时间戳分配器接收数据流并产生一个新的数据流,包含带有时间戳的元素和Watermark。如果原始流已经拥有时间戳或watermarks,那么如果使用时间戳分配器将会覆盖它们。

时间戳分配器通常在数据源之后立马指定,但也不是严格遵循这样的原则。例如,一个常见的模式是在时间戳分配器之前需要进行解析(MapFunction)和过滤(FilterFunction)。无论如何,时间戳分配器都需要在第一个基于事件时间的操作(例如第一个窗口操作)之前被指定。但也有特殊情况,当使用Kafka作为流作业的数据源时,Flink允许在数据源(消费者)内部定义时间戳分配器/watermarks生成器。有关如何执行此操作的更多信息,请参见Kafka Connector文档。

备注:

代码语言:javascript复制
本节的其余部分介绍了程序员为了创建自己的时间戳提取器/watermarks生成器而必须实现的主要接口。如果要查看Flink内置的执行器,请参阅[Pre-defined Timestamp Extractors / Watermark Emitters](https://ci.apache.org/projects/flink/flink-docs-release-1.4/dev/event_timestamp_extractors.html)

Java版本:

代码语言:javascript复制
final StreamExecutionEnvironment env = StreamExecutionEnvironment.getExecutionEnvironment();
env.setStreamTimeCharacteristic(TimeCharacteristic.EventTime);

DataStream<MyEvent> stream = env.readFile(
        myFormat, myFilePath, FileProcessingMode.PROCESS_CONTINUOUSLY, 100,
        FilePathFilter.createDefaultFilter(), typeInfo);

DataStream<MyEvent> withTimestampsAndWatermarks = stream
        .filter( event -> event.severity() == WARNING )
        .assignTimestampsAndWatermarks(new MyTimestampsAndWatermarks());

withTimestampsAndWatermarks
        .keyBy( (event) -> event.getGroup() )
        .timeWindow(Time.seconds(10))
        .reduce( (a, b) -> a.add(b) )
        .addSink(...);

Scala版本:

代码语言:javascript复制
val env = StreamExecutionEnvironment.getExecutionEnvironment
env.setStreamTimeCharacteristic(TimeCharacteristic.EventTime)

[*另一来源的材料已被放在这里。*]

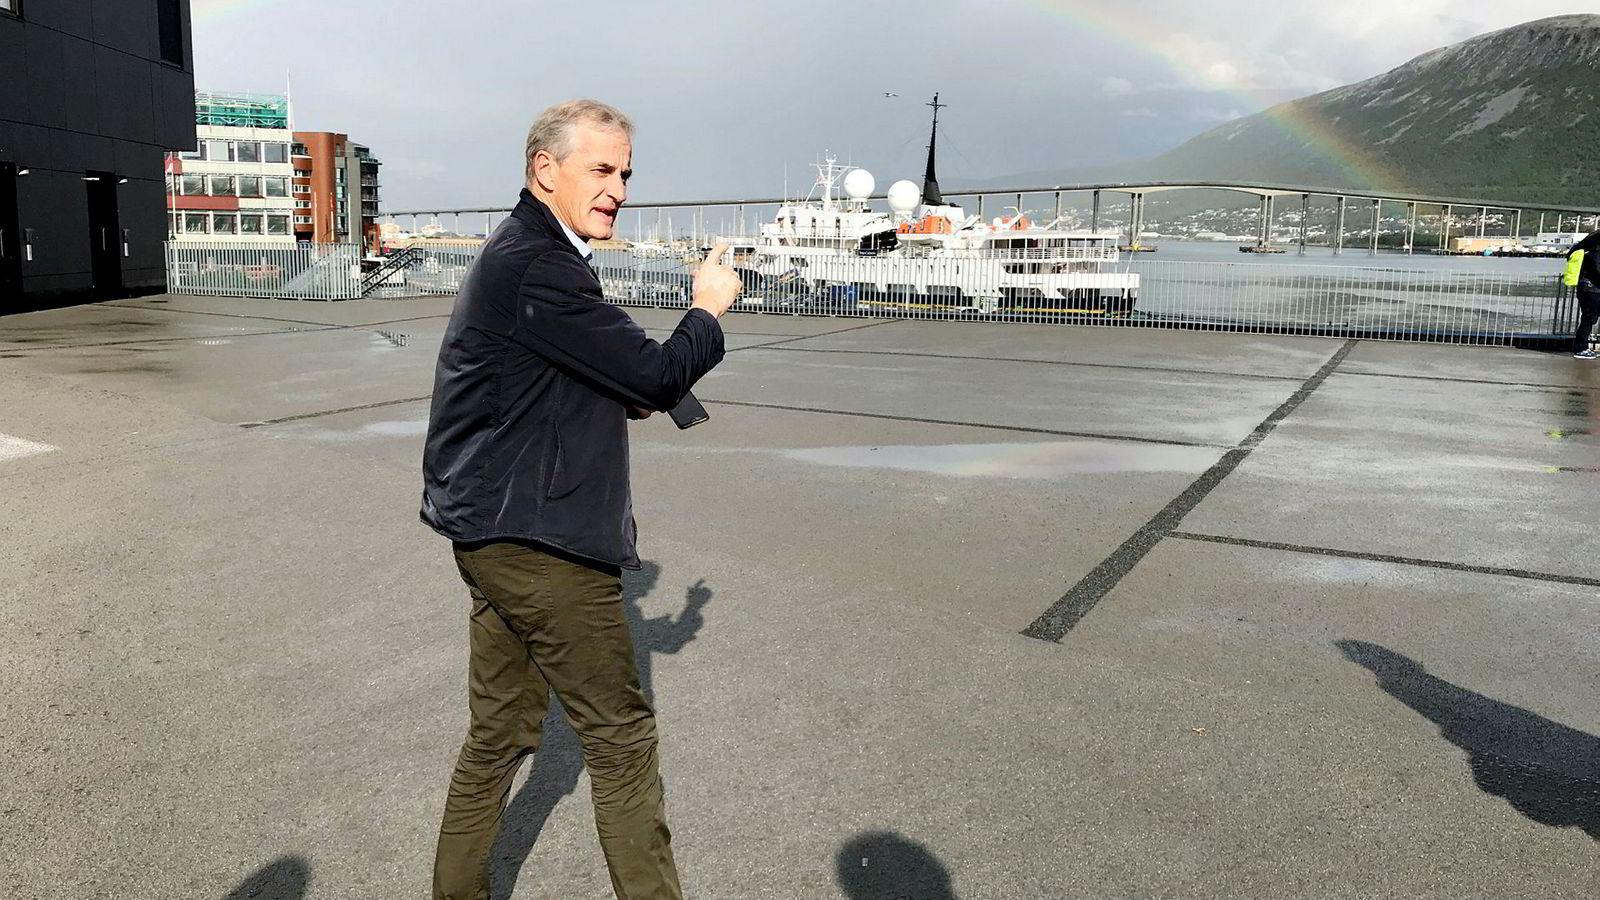 Er det gull i enden av regnbuen? Og velferdsprofitt i enden av fondsinvesteringen? Ap-leder Jonas Gahr Støre så i alle fall en regnbue da han var på valgkamp i Tromsø sist uke.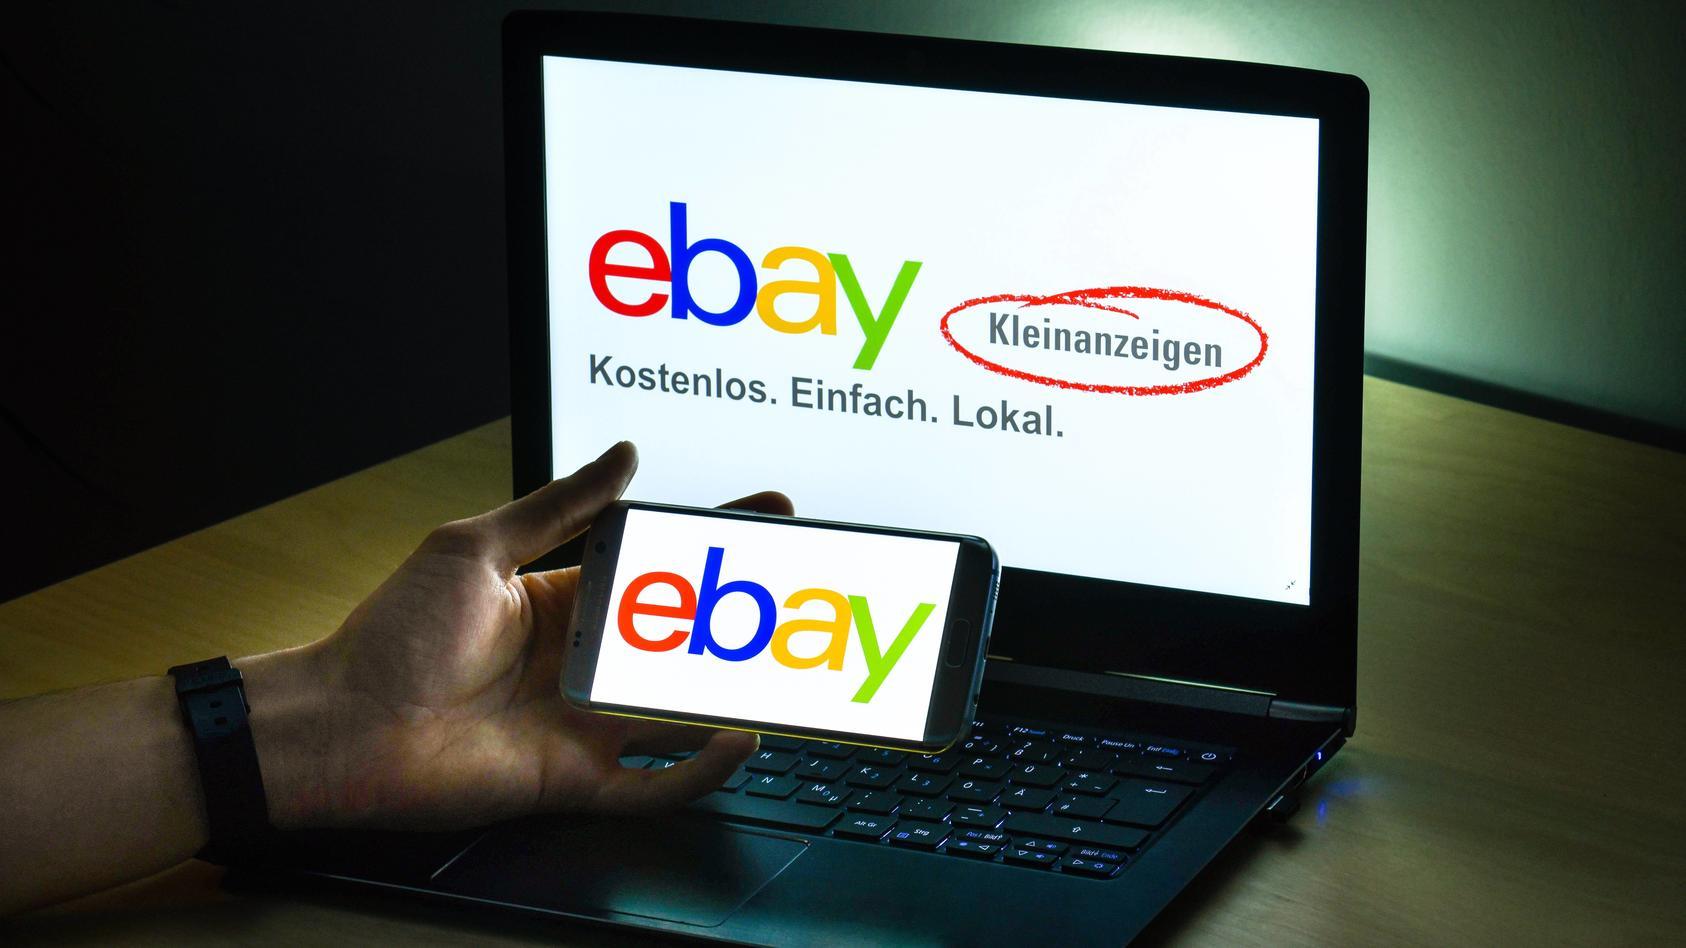 Logo ebay Kleinanzeigen

val stream: DataStream[MyEvent] = env.readFile(
         myFormat, myFilePath, FileProcessingMode.PROCESS_CONTINUOUSLY, 100,
         FilePathFilter.createDefaultFilter());

val withTimestampsAndWatermarks: DataStream[MyEvent] = stream
        .filter( _.severity == WARNING )
        .assignTimestampsAndWatermarks(new MyTimestampsAndWatermarks())

withTimestampsAndWatermarks
        .keyBy( _.getGroup )
        .timeWindow(Time.seconds(10))
        .reduce( (a, b) => a.add(b) )
        .addSink(...)
1.2.1 Periodic Watermarks 分配器

AssignerWithPeriodicWatermarks分配时间戳并定期生成Watermarks(可能取决于流元素,或纯粹基于处理时间)。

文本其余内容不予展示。